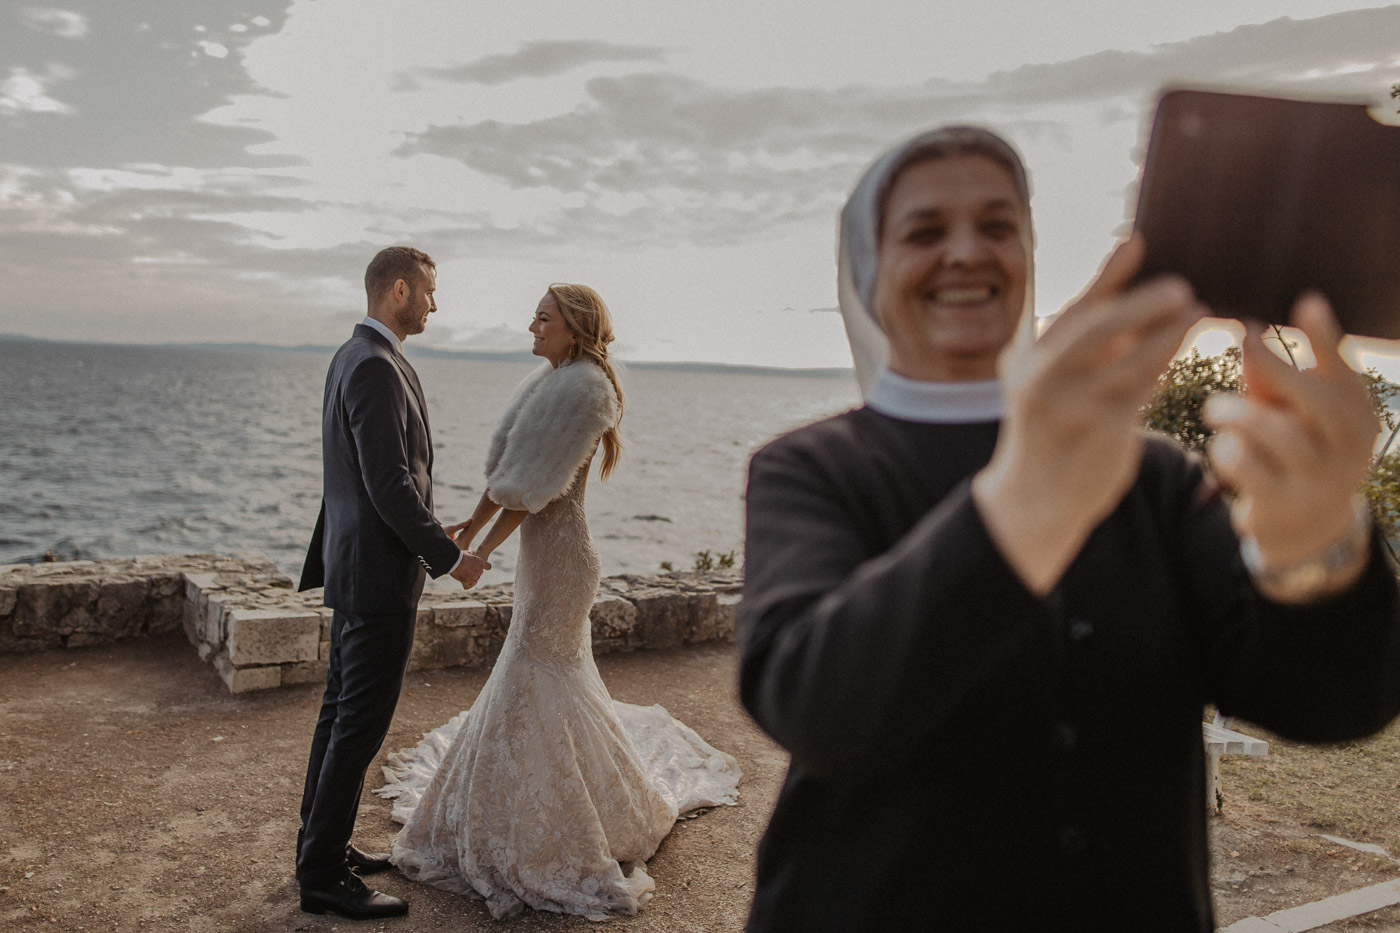 najbolje online upoznavanje za vjenčanje
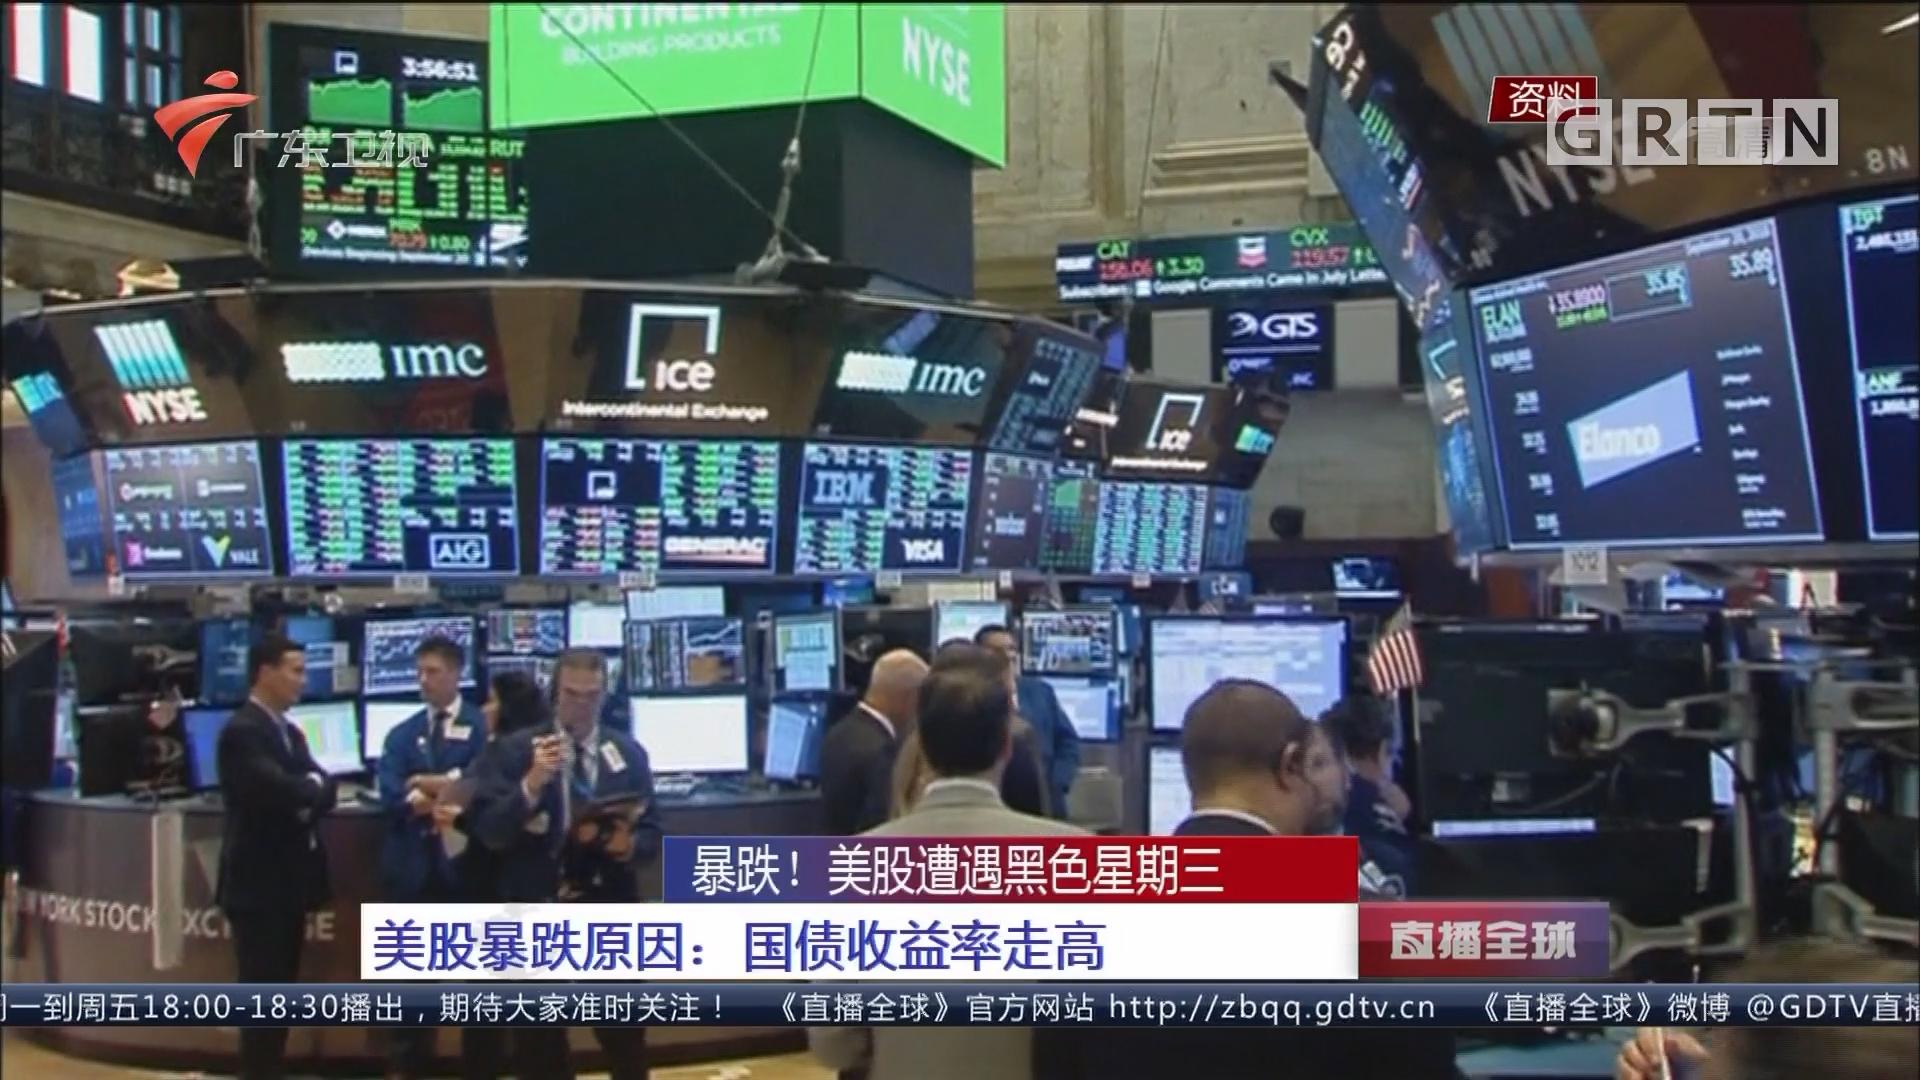 暴跌!美股遭遇黑色星期三 美股暴跌原因:国债收益率走高
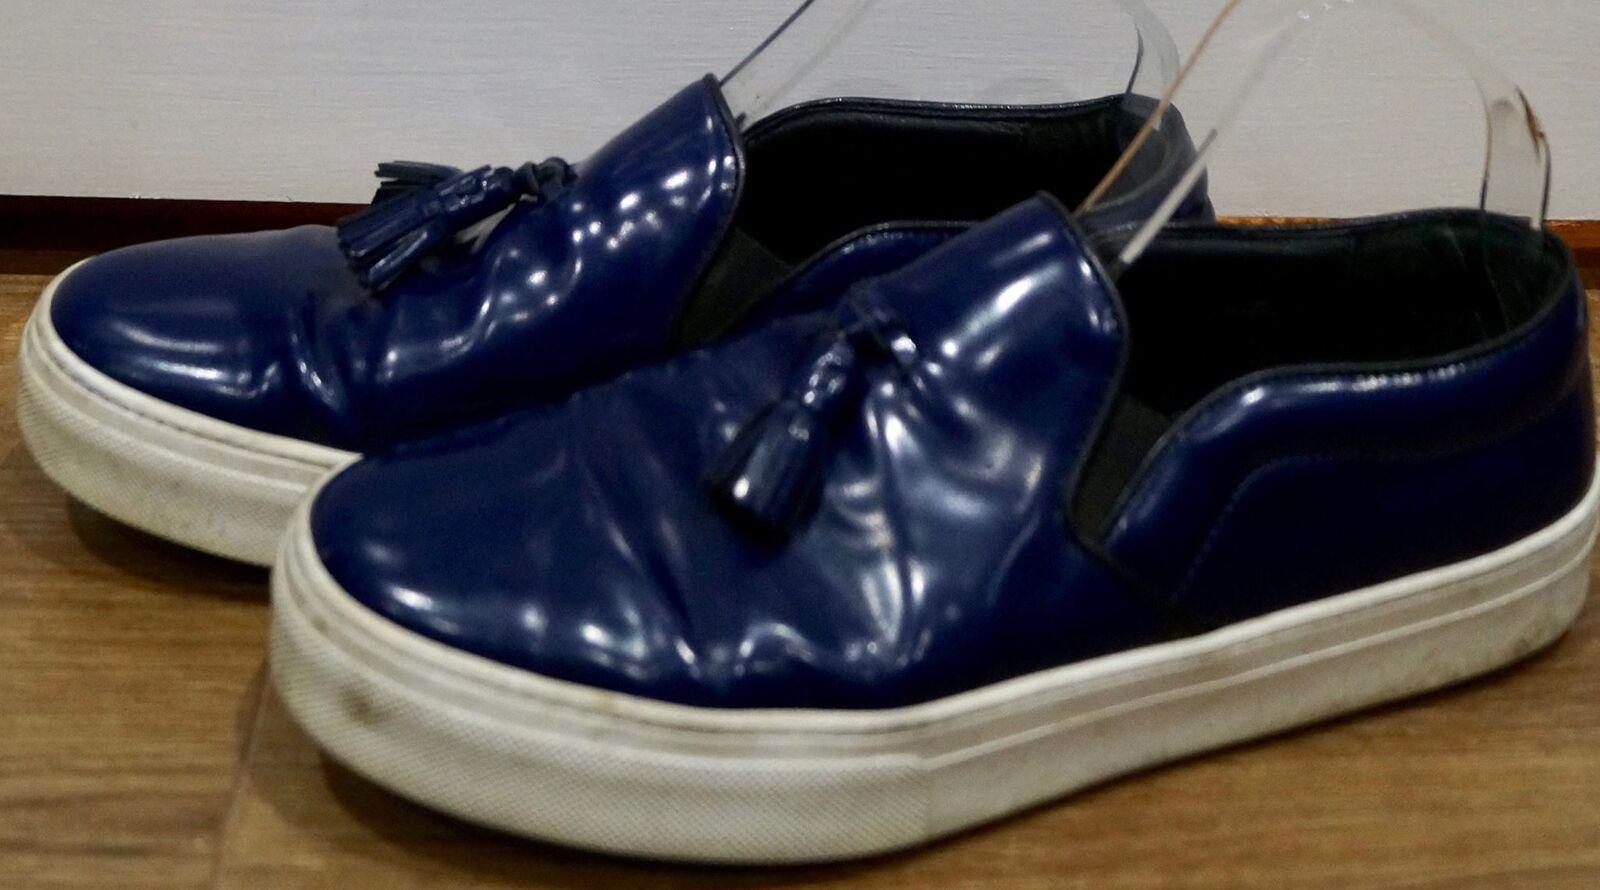 CELINE Paris blu in pelle nappa suola in gomma anteriore Bianco Casual Scarpe Da Ginnastica Trainer

- [INSTRUCTIONS TO FOLLOW]: Reproduce the listing exactly. The pictures are to be omitted.

- [THE COMPLETED TASK]:
 najbolje online upoznavanje za vjenčanje
 暴跌!美股遭遇黑色星期三 美股暴跌原因:国债收益率走高
 CELINE Paris blu in pelle nappa suola in gomma anteriore Bianco Casual Scarpe Da Ginnastica Trainer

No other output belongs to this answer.